Com o dinheiro do livro, Carolina comprou uma casa em Santana, bairro de classe média na zona norte de São Paulo. Pouco depois, vendeu a casa e comprou um sítio na região de Parelheiros. Lançou mais três livros: “Casa de Alvenaria” (1961), “Pedaços de Fome” (1963) e “Provérbios” (1963). Nenhum deles repetiu o sucesso do livro de estreia e, a certa altura, a escritora voltou a vender papelão para sobreviver.

Vítima de bronquite asmática, Carolina Maria de Jesus morreu no anonimato e na pobreza, em 13 de fevereiro de 1977, aos 64 anos. “Sua obra foi sequestrada pelo ‘memoricídio’ que sempre se abate sobre tudo o que vai além do mainstream acadêmico e editorial, sobretudo no que diz respeito à literatura negra e/ou feminina. Digo sempre: nenhum país passa impunemente por mais de 300 anos de escravidão e, talvez, essa herança maldita ainda perdure por um bom tempo”, lamenta Eduardo de Assis Duarte, da UFMG. Na semana em que “Quarto de Despejo” completa 60 anos, o TAB convida três escritores para falar sobre o impacto da obra e da autora em suas vidas. Ana Paula Lisboa, Eliana Alves Cruz e Tom Farias falam do impacto da obra de Carolina de Jesus em suas vidas.

“A historiadora dos leões”

Ana Paula Lisboa. (IMAGEM / Divulgação).

Favelada de nascimento. Carioca de nacionalidade. Luandense por opção”. É assim que a poetisa e escritora Ana Paula Lisboa, de 32 anos, define a si mesma em seu perfil numa rede social. Vivendo na capital angolana há quatro anos, a ex-moradora da Maré, zona norte do Rio, busca inspiração em um provérbio africano, popularizado pelo escritor nigeriano Chinua Achebe (1930-2013), para explicar o sucesso de Carolina de Jesus: “Enquanto os leões não tiverem seus próprios historiadores, as histórias de caça continuarão glorificando o caçador”. “Carolina é a historiadora dos leões. E a publicação desses historiadores é tão rara que, quando aparecem, todos querem ouvir suas histórias.
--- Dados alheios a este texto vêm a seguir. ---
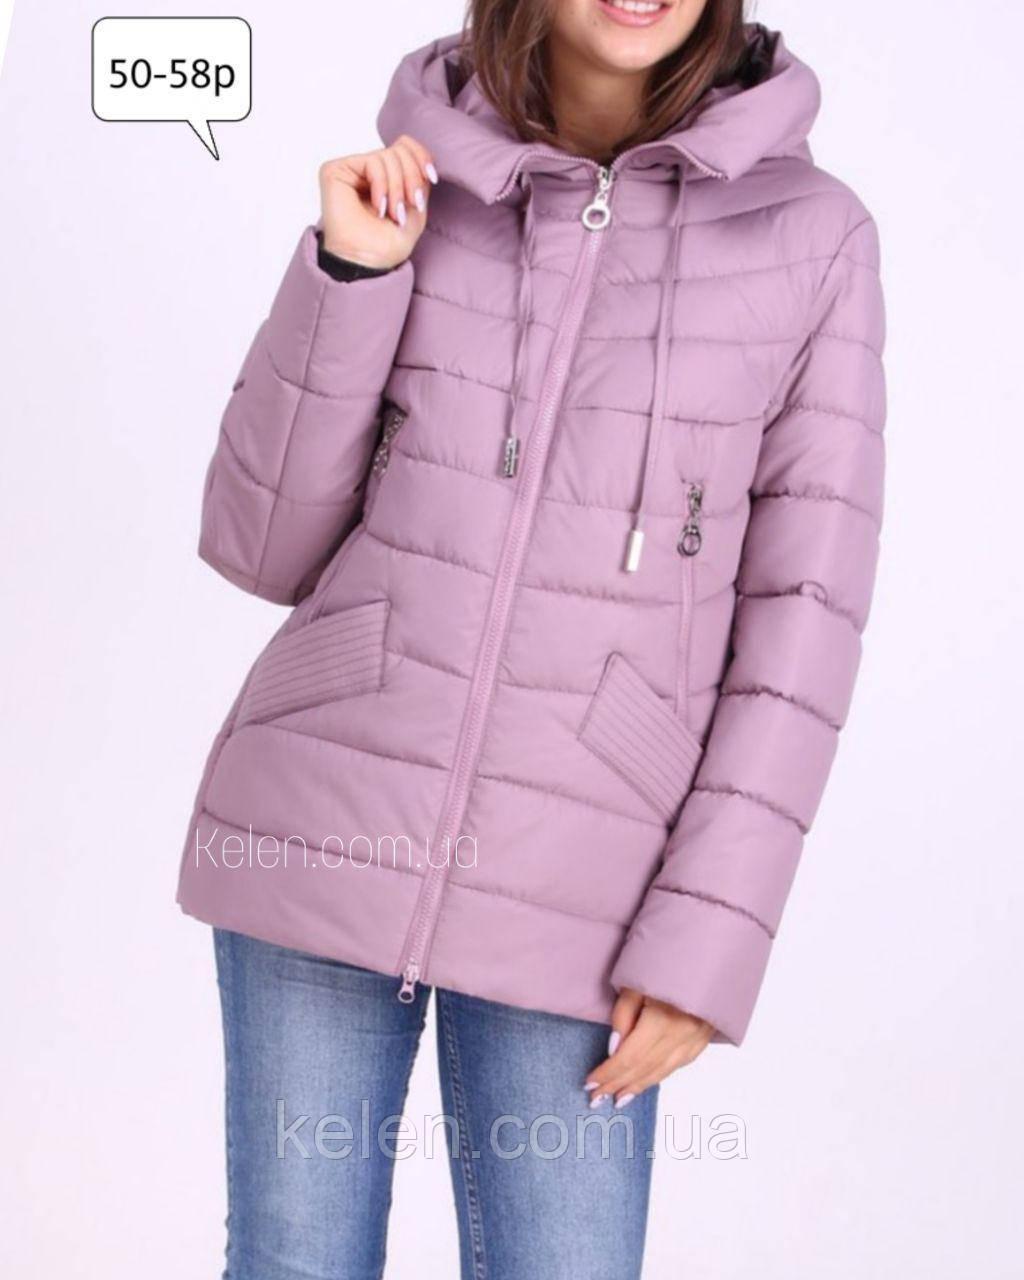 Женская куртка с капюшоном весна-осень цвет пудра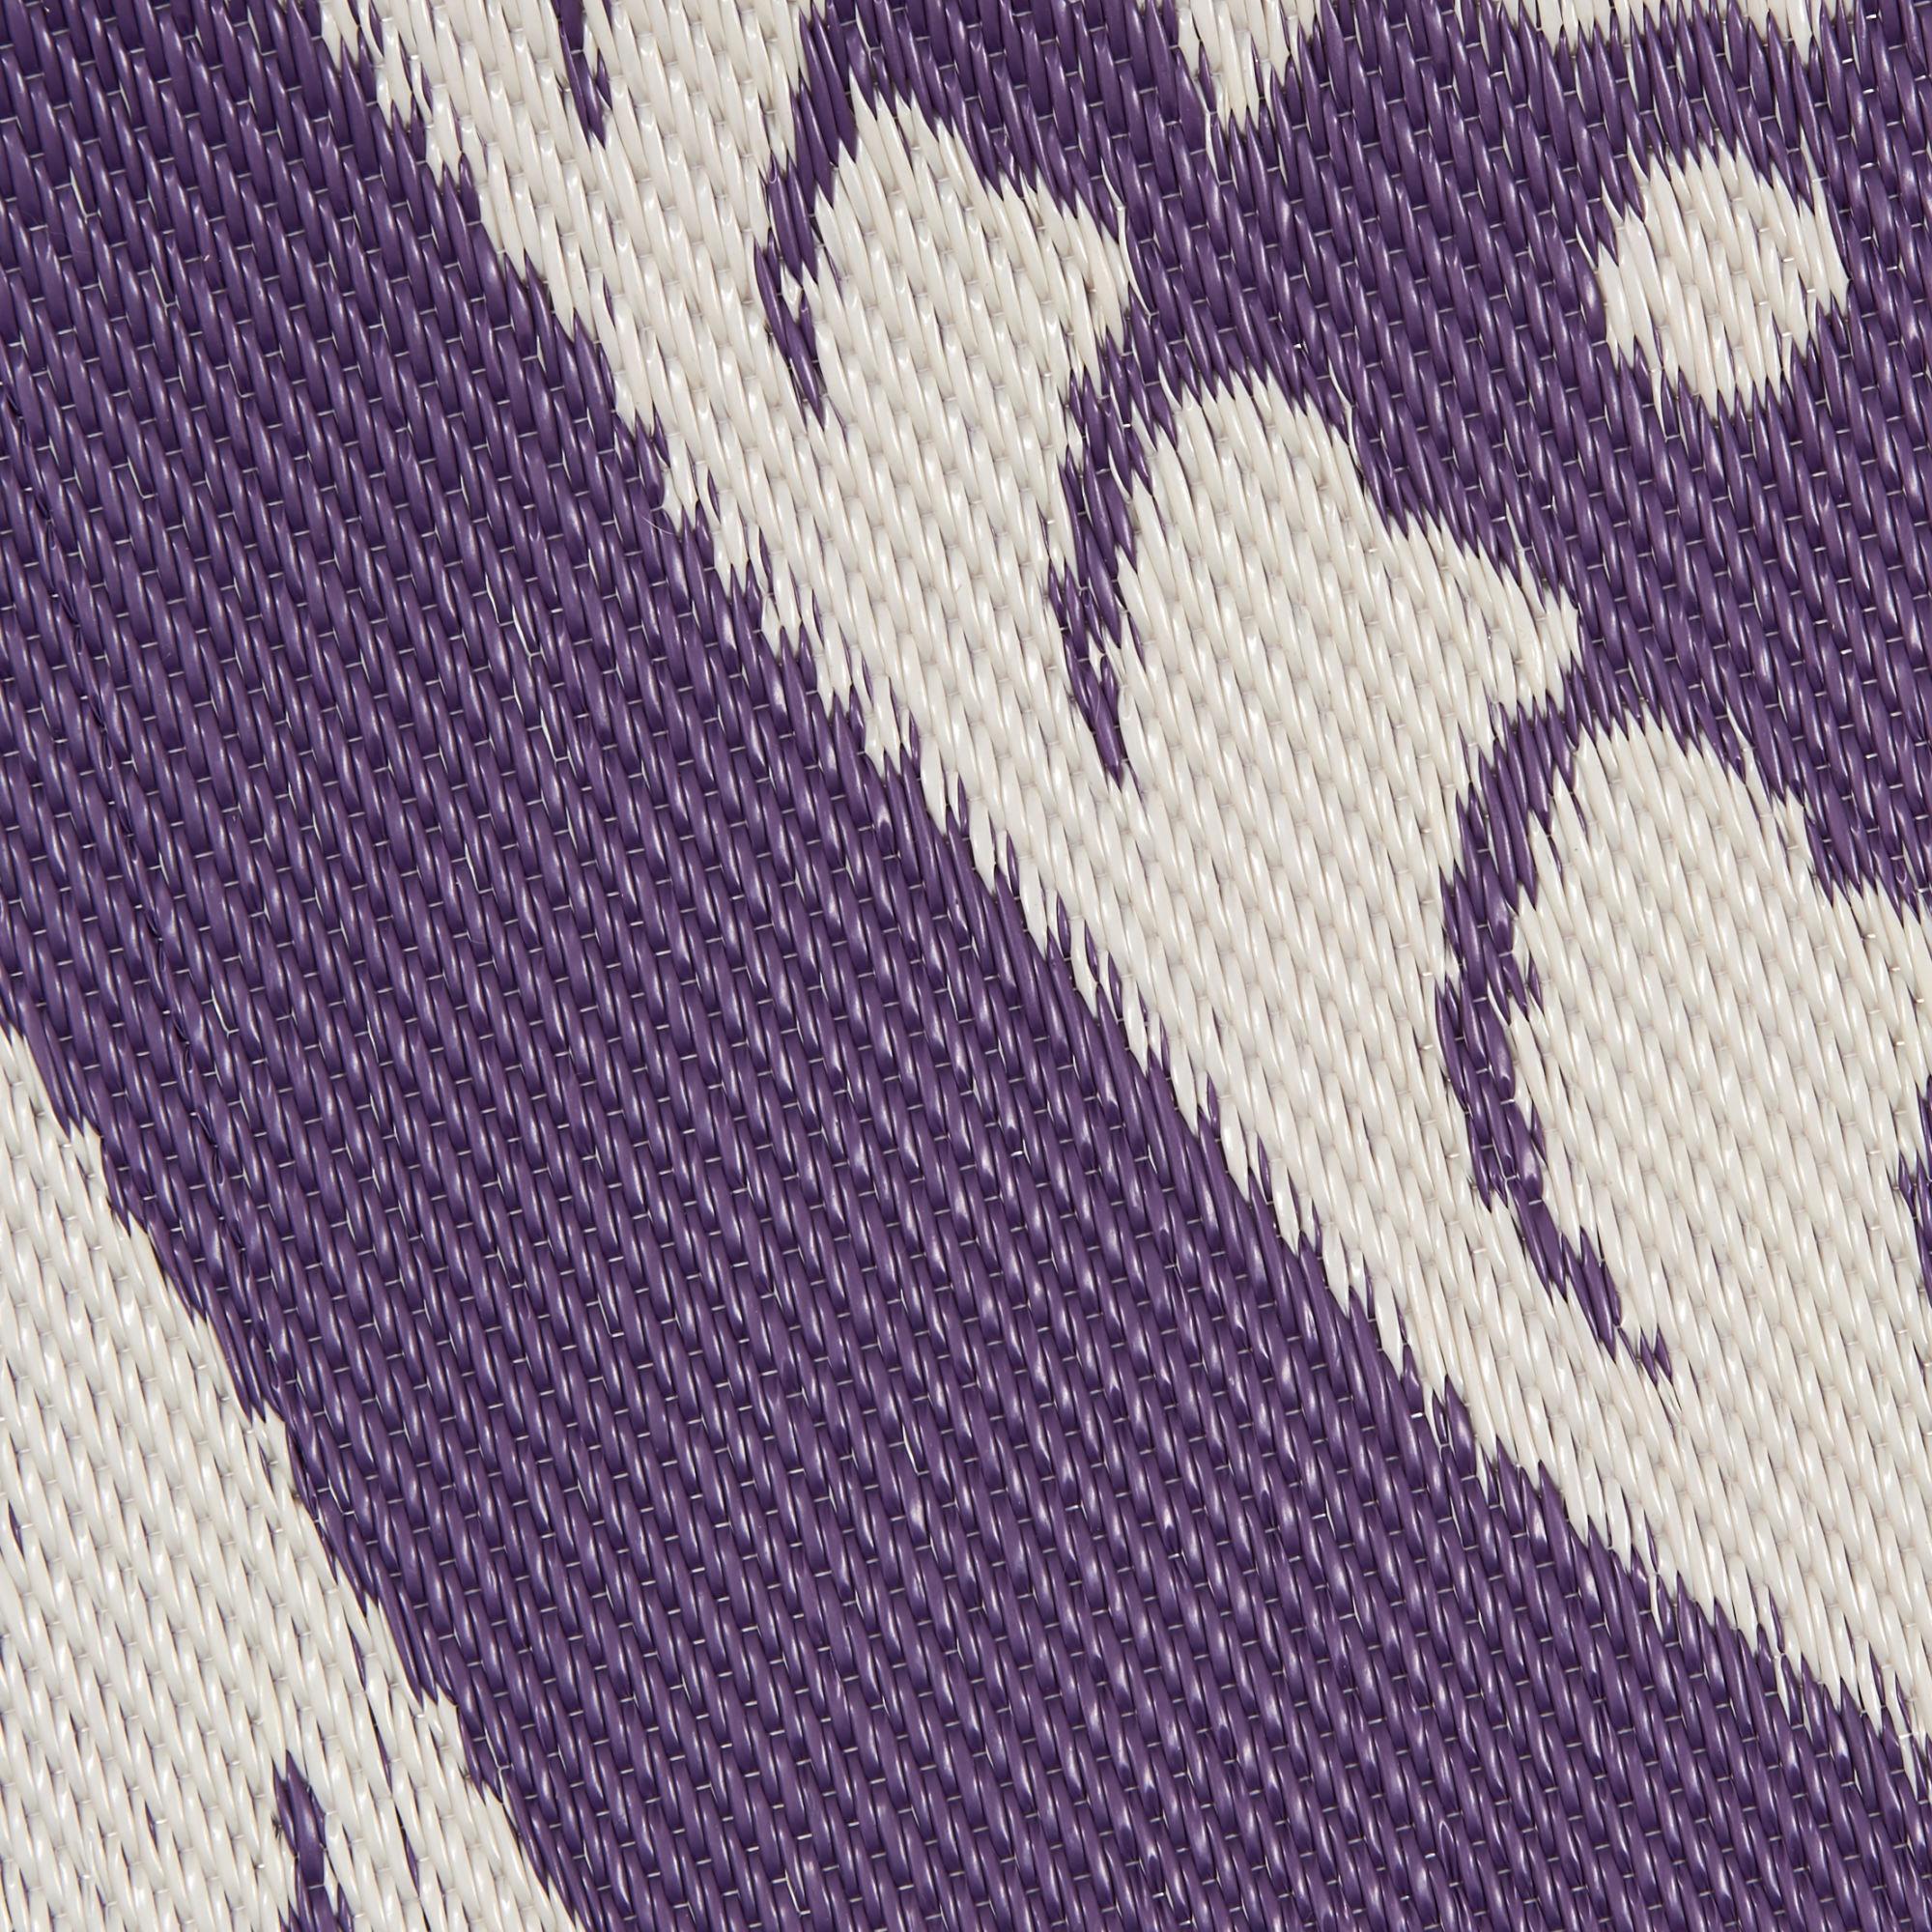 teppich mit gummircken awesome teppich mit gummircken badematten badteppiche amazon de khevga. Black Bedroom Furniture Sets. Home Design Ideas

As histórias dos leões”.

Este ano, na edição virtual da FLUP (Festa Literária das Periferias), que homenageia a escritora mineira e os 60 anos de lançamento de “Quarto de Despejo”, Ana Paula Lisboa foi convidada pelos organizadores da festa a ser a orientadora da turma Quilombo Dona Carolina, formado por 29 mulheres negras. Escritora desde os 14 anos, quando ingressou em um curso de contação de histórias em um projeto social, e com contos e poesias publicados em antologias nacionais e internacionais, Ana Paula destaca o autoconhecimento de Carolina de Jesus. Contar sua história em primeira pessoa enfatiza sua autoestima e determinação. “Carolina sabia quem era, mesmo que, nas ruas, fosse invisível; mesmo que, na favela, tivesse fama de metida; mesmo que, desde criança, fosse considerada rebelde. Ela sabia que a vida dela era importante. E que a história que ela estava contando era importante. Uma coragem que todas e todos nós precisamos”.

“Um Brasil que fazem de tudo para silenciar”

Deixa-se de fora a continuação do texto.